Mr. Market is in a very bad mood. From Bloomberg:
Asian stocks fell, sending Hong Kong’s Hang Seng Index below 16,000 for the first time in two years, on concern the credit crisis will topple more banks and slowing growth will cut demand for the region’s exports…“Investors are liquidating their stock positions because they are frightened of taking on any risks,” said Takashi Miyazaki, who helps oversee $61 billion at Mitsubishi UFJ Asset Management Co. in Tokyo. “The jury is still out on how bad this is going to turn out for the global economy.”
The MSCI Asia Pacific Index fell 3.7 percent to 95.07 as of 11:39 a.m. in Tokyo, bringing its decline this year to 40 percent. The measure is set for its lowest close since April 19, 2005. Financial stocks contributed the most to the index’s drop.

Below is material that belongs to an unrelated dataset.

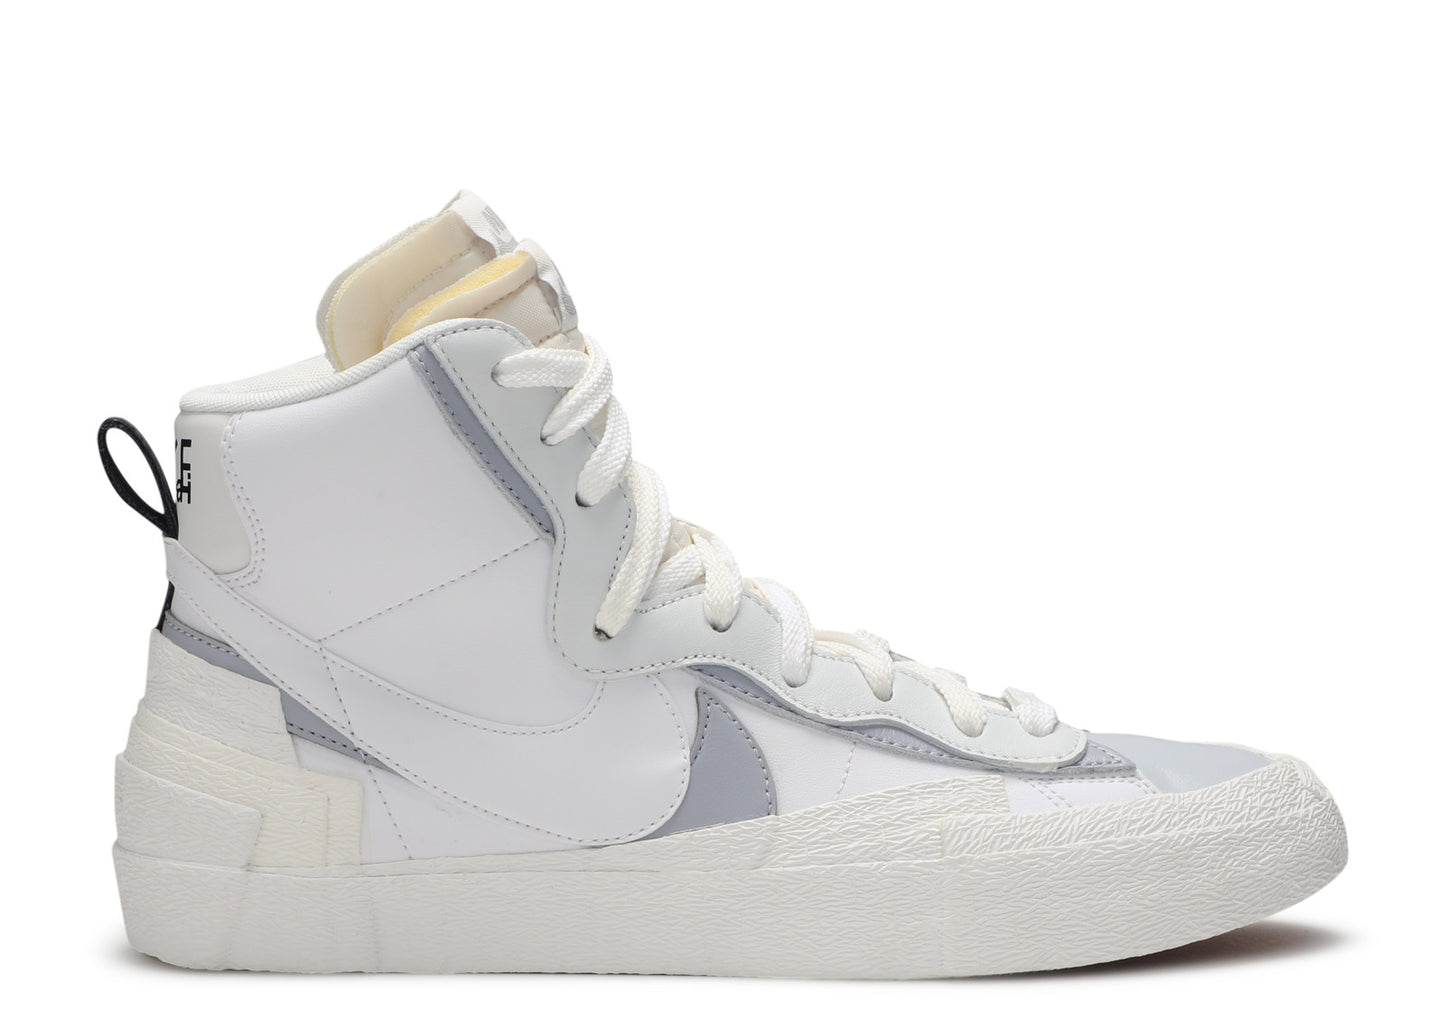 Sacai x Nike Blazer Mid "White/Grey"

The Hang Seng slumped 4.7 percent, leading declines in Asia, as Hong Kong’s monetary authority cut interest rates to keep a credit crisis from spreading in the region.
Japan’s Nikkei 225 Stock Average lost 4.5 percent to 9,696.12. Australia’s S&P/ASX 200 Index declined 3.4 percent, set for the lowest close since November 2005, as consumer confidence fell this month by the most in more than two years.
The key point came later in the article:
“The plans for propping up the markets aren’t having an effect,” said Yoo Byung Ok, who oversees the equivalent of $3 billion at Mirae Asset Investments Co. in Seoul. “The panic selling continues.”
As we have said before, investors understand that the markets are too big for governments to intervene on a scale necessary to keep asset prices at level not justified by fundamentals. Admittedly, some good investments may be unfairly punished in the carnage, but the bottom of the real estate market in the US is not in sight, and the impact of merely the current level of decline has exacted a high toll.
Update 3:00 AM. We are seeing the reverse of the pattern yesterday, when an awful opening in Asia was considerably tempered by the Australian Reserve Bank’s 100 basis point rate cut. Today, a bad start is only leading to further selling. The Nikkei is down over 9% right now. Other Asian markets are down a comparatively modest 5% ish. The fall in Japan was fueled in part by a report that corporate bankruptcies rose 34$ last moth. From Bloomberg:
Japan’s corporate bankruptcies jumped 34 percent last month, the fastest pace in eight years, as demand for exports slumped and credit-market turmoil engulfed the world’s second-largest economy.Bankruptcies rose to 1,408 cases in September from the same month a year earlier, Tokyo Shoko Research Ltd. said in a report in Tokyo today. That’s the biggest jump since March 2000, when cases rose 38.6 percent, according to Bloomberg data.
Japan’s Nikkei 225 Stock Average tumbled 8.7 percent, its biggest rout since October 1987, on concern the global credit crisis will prolong the economy’s stagnation. Corporate failures are rising at the steepest rate since Japan’s banking crisis in 2000 as the credit shortage deprives businesses of cash.
“We’re in the middle of a recession,” said Masamichi Adachi, senior economist at JPMorgan Chase & Co. in Tokyo. “Real-estate and construction companies have been in a mini- bubble over the last few years because of all that money coming from abroad. Now that’s withdrawn.”






The chinese markets were closed, aren’t they simply playing catch up? Of course that does not hold true for the Nikkei and the rest of the Asian markets.
I am more curious to see if the European markets continue to fall.
If the all the markets continue to fall I think we will see a coordinated action before the Asian markets open on Friday morning, perhaps a coordinated rate cut.